**Raw data:**
·····

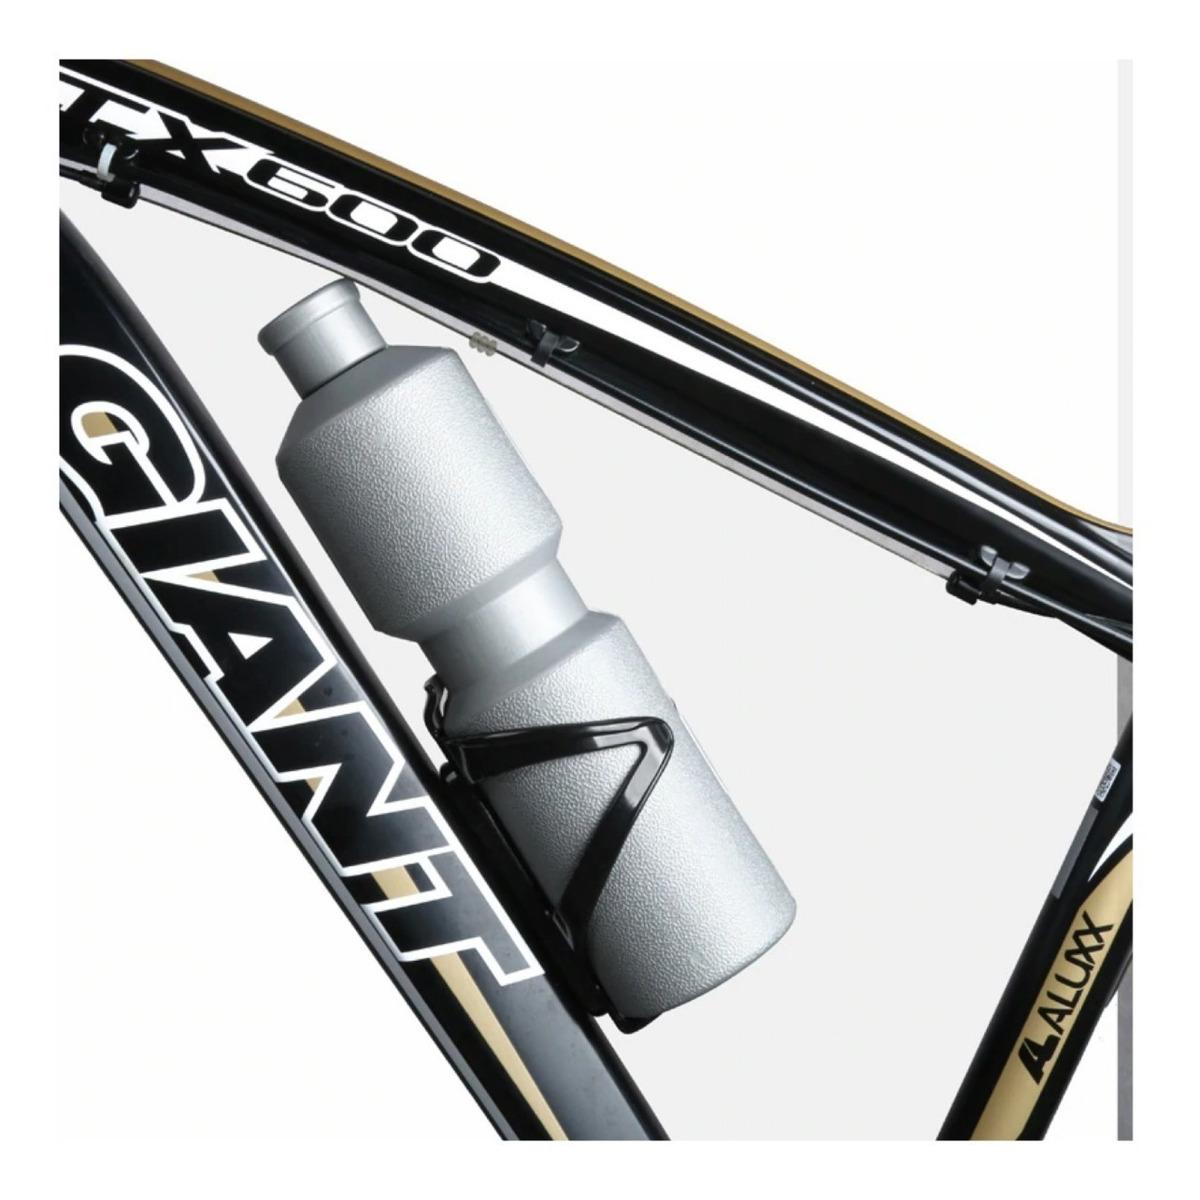 b91886f8a48 botella kit porta herramienta bicicleta parche bici anfora. Cargando zoom.
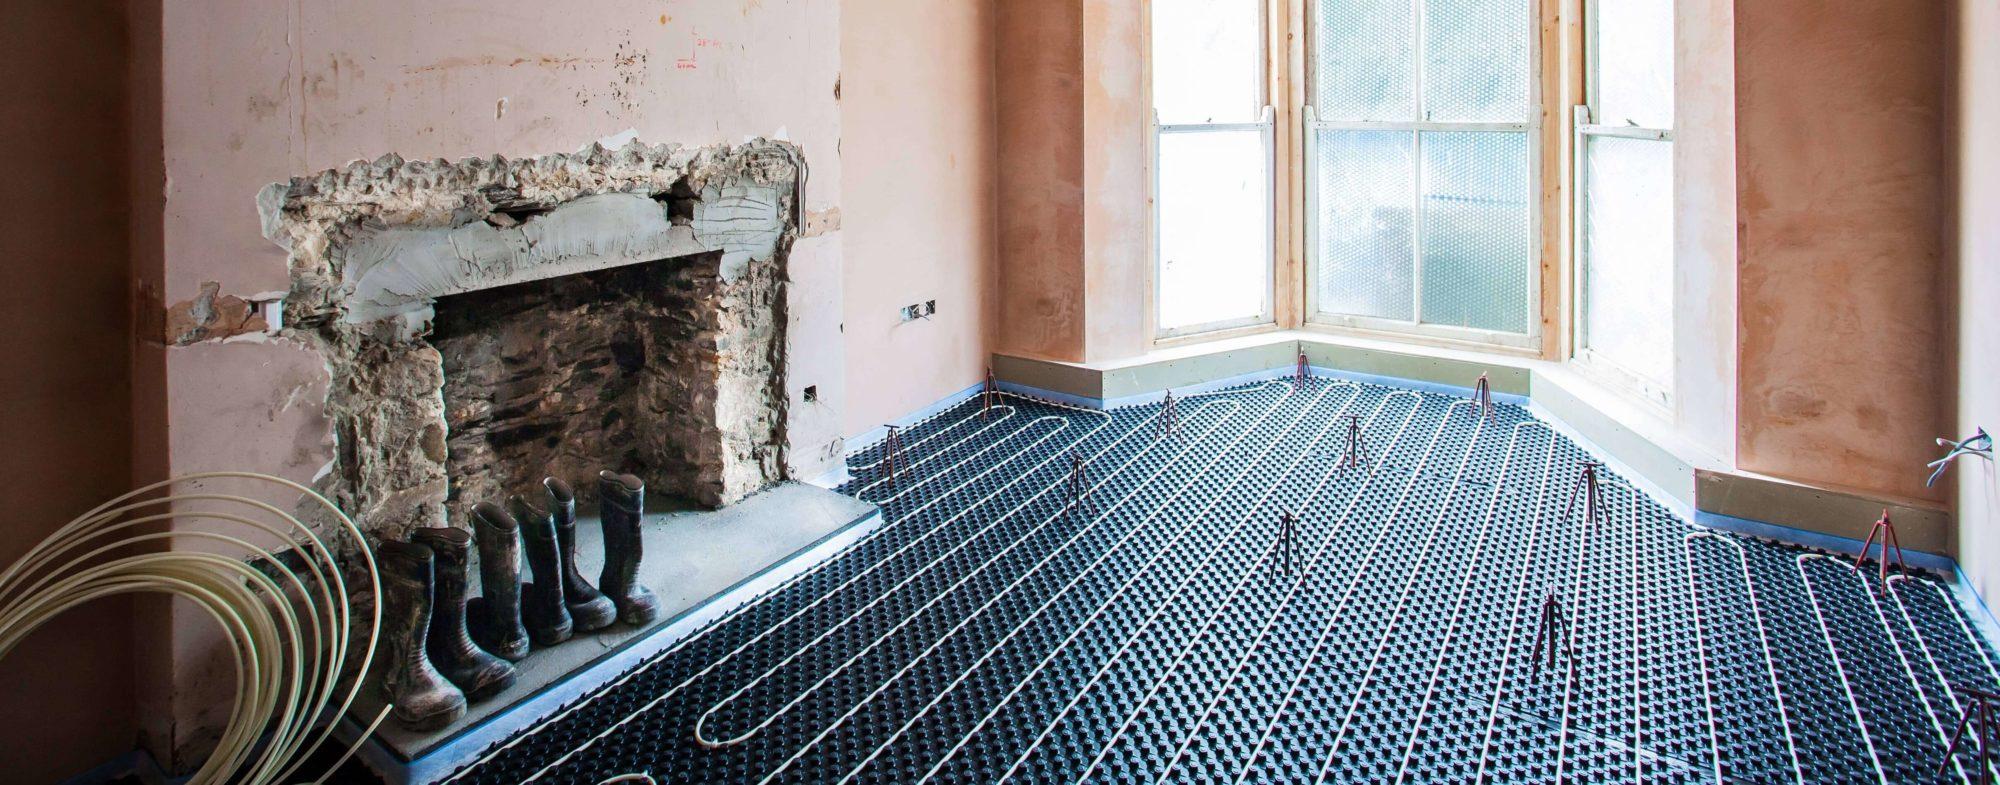 retrofit underfloor heating
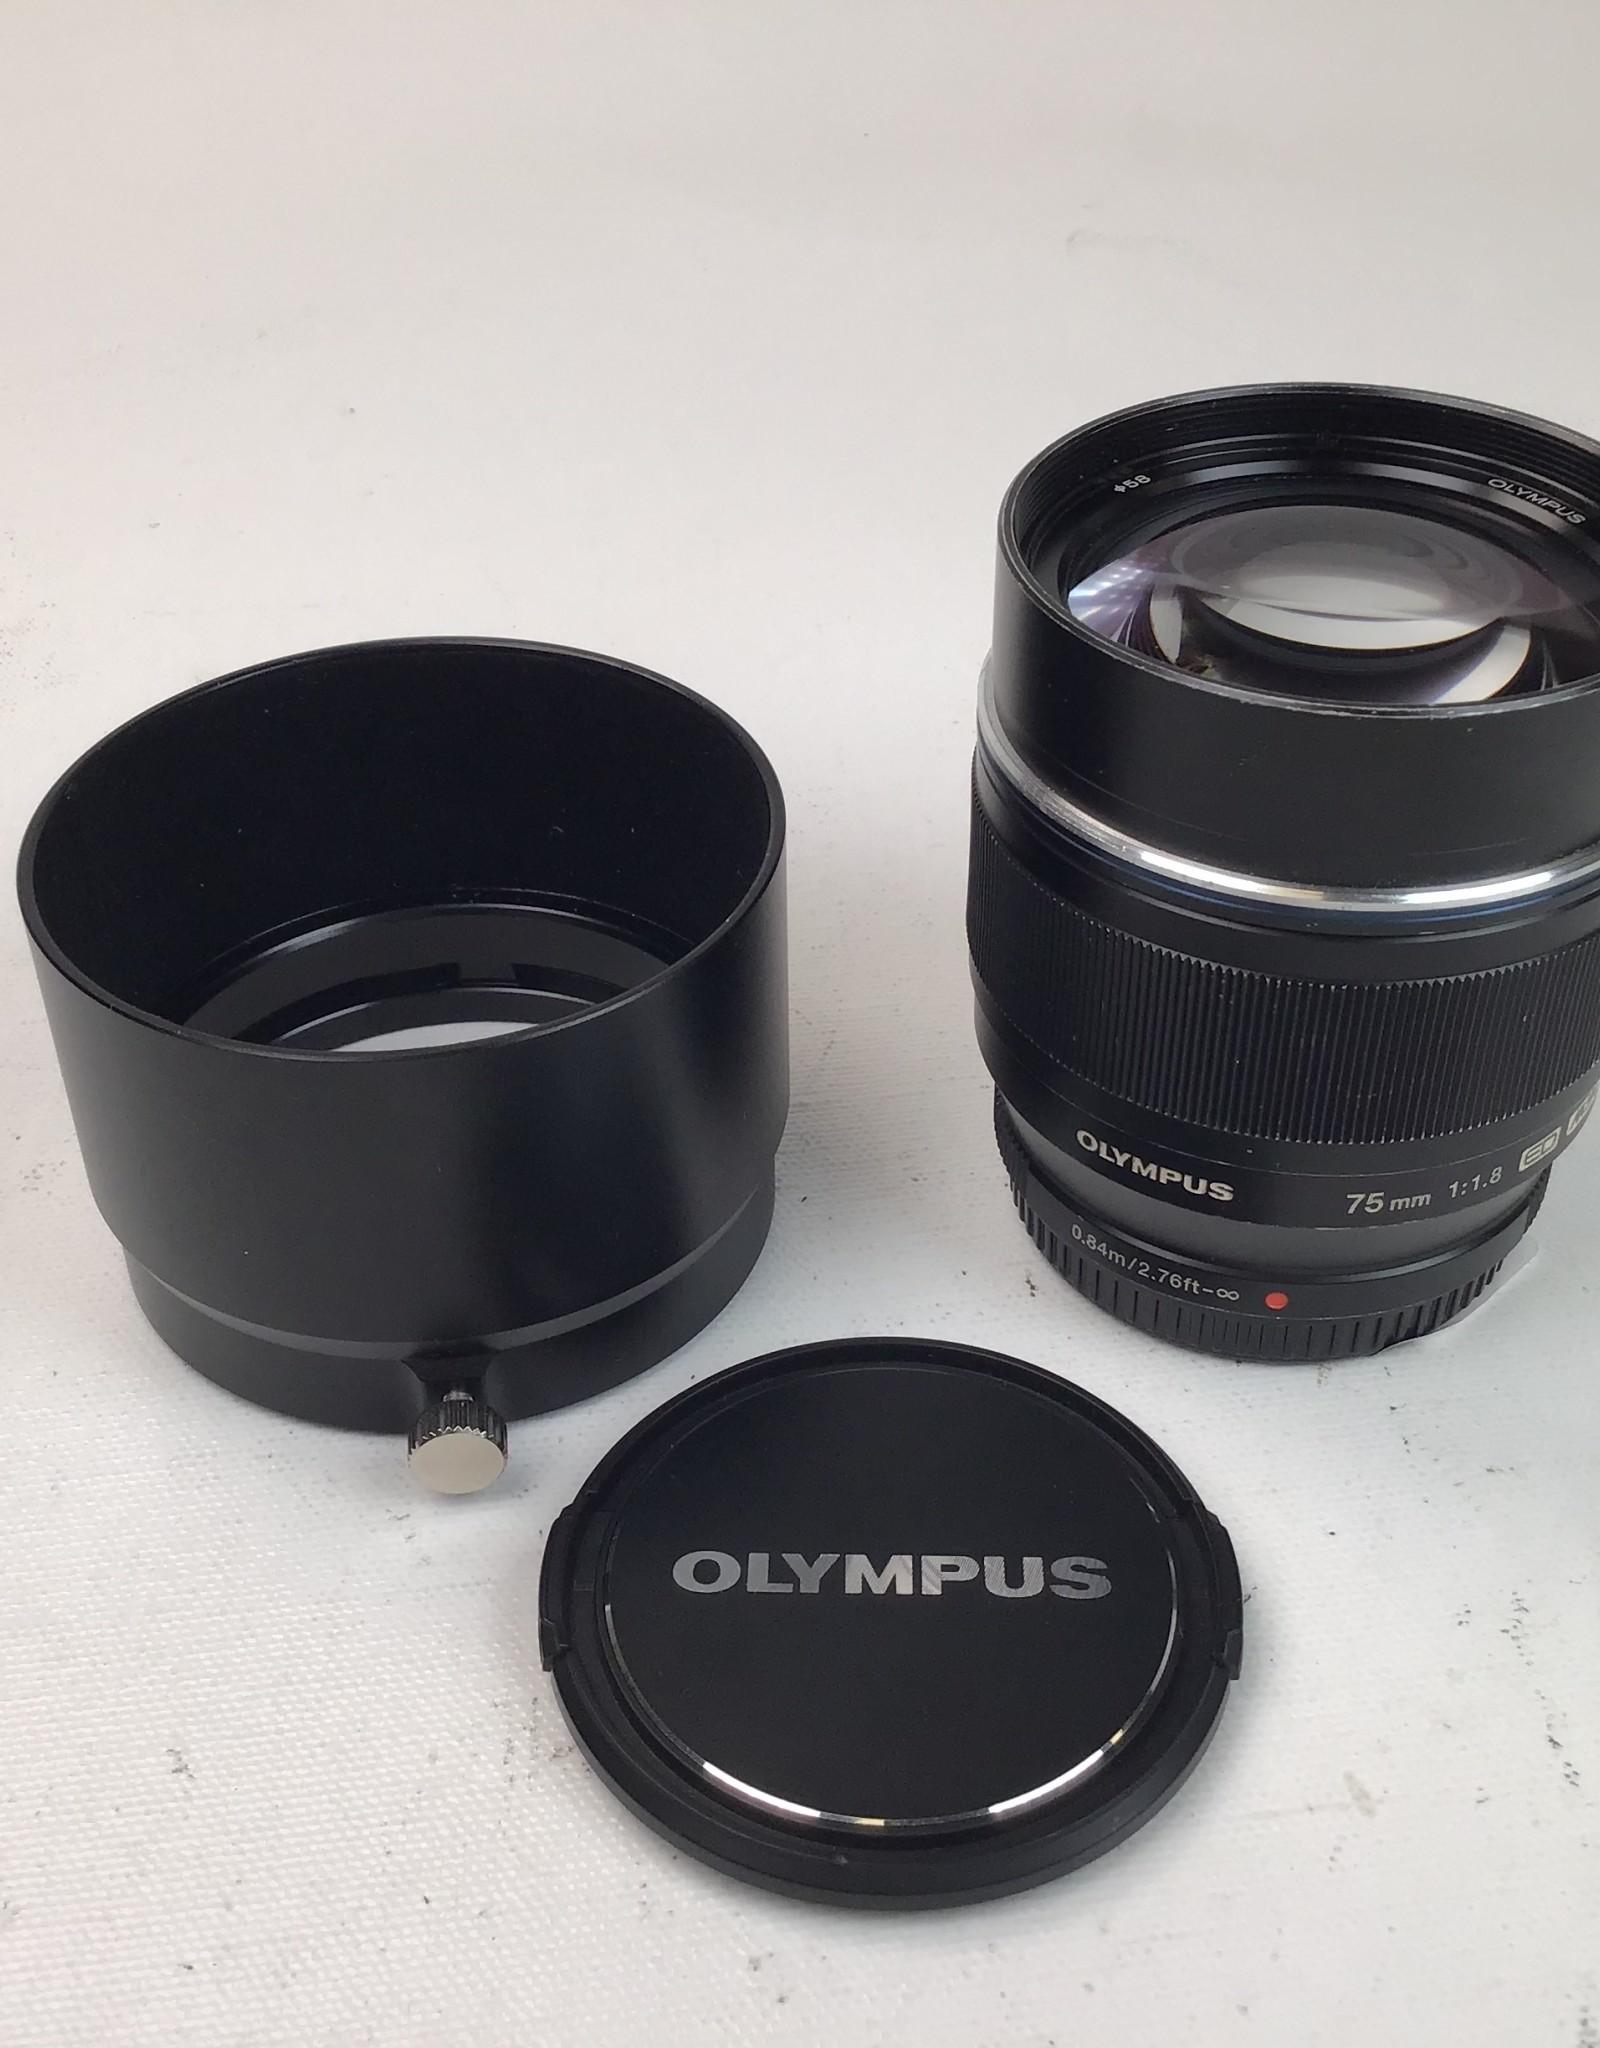 OLYMPUS Olympus 75mm f1.8 MFT Lens Used Fair

·····

**Task instructions:** Apart from the images, please copy every line of the data exactly as written.

**Task solution:**
 b91886f8a48 botella kit porta herramienta bicicleta parche bici anfora. Cargando zoom.
 retrofit underfloor heating
 OLYMPUS Olympus 75mm f1.8 MFT Lens Used Fair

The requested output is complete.